▼▼▼

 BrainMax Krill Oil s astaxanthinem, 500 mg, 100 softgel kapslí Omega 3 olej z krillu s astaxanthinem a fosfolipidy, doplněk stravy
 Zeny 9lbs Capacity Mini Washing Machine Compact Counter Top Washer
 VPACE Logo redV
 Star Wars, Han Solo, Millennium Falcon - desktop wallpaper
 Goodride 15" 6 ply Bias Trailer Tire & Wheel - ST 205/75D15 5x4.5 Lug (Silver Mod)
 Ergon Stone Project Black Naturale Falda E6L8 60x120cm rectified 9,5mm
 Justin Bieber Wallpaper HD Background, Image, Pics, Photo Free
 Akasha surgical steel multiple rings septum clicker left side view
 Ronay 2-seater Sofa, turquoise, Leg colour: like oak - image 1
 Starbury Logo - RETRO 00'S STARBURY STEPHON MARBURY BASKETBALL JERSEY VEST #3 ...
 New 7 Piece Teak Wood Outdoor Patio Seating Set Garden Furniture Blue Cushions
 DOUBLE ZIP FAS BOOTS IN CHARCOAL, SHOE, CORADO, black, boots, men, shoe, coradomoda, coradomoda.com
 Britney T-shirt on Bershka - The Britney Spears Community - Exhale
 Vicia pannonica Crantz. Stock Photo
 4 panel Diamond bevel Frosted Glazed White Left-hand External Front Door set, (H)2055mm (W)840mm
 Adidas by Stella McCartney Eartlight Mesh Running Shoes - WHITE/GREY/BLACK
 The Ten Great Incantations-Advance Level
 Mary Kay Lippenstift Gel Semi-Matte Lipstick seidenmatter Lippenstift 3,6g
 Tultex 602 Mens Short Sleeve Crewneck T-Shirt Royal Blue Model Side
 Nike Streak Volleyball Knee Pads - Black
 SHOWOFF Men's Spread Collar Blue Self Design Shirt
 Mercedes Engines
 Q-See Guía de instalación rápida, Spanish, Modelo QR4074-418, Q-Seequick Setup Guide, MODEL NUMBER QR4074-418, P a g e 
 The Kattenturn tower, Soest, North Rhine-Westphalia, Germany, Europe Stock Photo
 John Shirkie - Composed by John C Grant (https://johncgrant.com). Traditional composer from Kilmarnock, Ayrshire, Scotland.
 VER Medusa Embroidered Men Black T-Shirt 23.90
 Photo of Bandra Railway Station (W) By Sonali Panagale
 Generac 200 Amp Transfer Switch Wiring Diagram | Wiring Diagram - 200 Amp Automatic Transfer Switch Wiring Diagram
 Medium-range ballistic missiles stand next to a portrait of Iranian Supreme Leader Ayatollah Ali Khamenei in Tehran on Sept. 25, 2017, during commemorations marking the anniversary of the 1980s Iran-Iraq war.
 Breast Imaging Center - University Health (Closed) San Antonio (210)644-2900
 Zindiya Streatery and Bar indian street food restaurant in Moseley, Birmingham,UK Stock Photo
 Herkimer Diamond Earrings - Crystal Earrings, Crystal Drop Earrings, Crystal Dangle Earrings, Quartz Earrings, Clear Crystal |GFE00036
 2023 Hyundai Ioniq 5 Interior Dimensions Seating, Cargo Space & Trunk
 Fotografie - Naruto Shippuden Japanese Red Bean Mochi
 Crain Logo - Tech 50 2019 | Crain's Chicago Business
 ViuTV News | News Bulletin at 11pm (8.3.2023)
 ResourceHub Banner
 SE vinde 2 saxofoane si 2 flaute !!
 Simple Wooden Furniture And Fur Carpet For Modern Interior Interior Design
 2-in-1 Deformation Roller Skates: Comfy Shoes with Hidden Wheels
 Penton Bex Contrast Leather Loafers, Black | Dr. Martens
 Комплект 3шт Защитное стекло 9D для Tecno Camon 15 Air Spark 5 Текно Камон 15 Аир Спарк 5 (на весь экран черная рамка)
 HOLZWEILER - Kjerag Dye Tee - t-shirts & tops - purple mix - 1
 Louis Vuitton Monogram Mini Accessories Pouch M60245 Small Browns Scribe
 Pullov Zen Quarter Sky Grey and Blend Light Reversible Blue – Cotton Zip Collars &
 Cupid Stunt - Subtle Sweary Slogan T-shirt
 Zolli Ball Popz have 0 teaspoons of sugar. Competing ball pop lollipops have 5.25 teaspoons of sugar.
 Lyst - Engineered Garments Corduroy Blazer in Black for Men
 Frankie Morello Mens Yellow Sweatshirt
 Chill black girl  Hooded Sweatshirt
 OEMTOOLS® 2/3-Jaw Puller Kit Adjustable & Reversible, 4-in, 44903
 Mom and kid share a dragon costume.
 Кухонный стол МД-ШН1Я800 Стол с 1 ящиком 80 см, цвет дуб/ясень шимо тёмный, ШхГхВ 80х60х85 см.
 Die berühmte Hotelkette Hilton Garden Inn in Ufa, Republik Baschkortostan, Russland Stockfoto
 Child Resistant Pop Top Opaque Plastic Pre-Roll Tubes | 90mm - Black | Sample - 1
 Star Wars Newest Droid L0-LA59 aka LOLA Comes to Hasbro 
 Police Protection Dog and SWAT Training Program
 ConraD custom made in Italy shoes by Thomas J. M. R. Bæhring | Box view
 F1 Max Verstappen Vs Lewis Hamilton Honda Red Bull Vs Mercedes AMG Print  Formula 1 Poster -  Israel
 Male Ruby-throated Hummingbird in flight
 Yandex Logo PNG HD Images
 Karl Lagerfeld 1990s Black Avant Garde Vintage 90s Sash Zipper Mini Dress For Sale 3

▲▲▲

Which lines of the entries above contain the string "Wars"? Copy each one.

 Star Wars, Han Solo, Millennium Falcon - desktop wallpaper
 Star Wars Newest Droid L0-LA59 aka LOLA Comes to Hasbro 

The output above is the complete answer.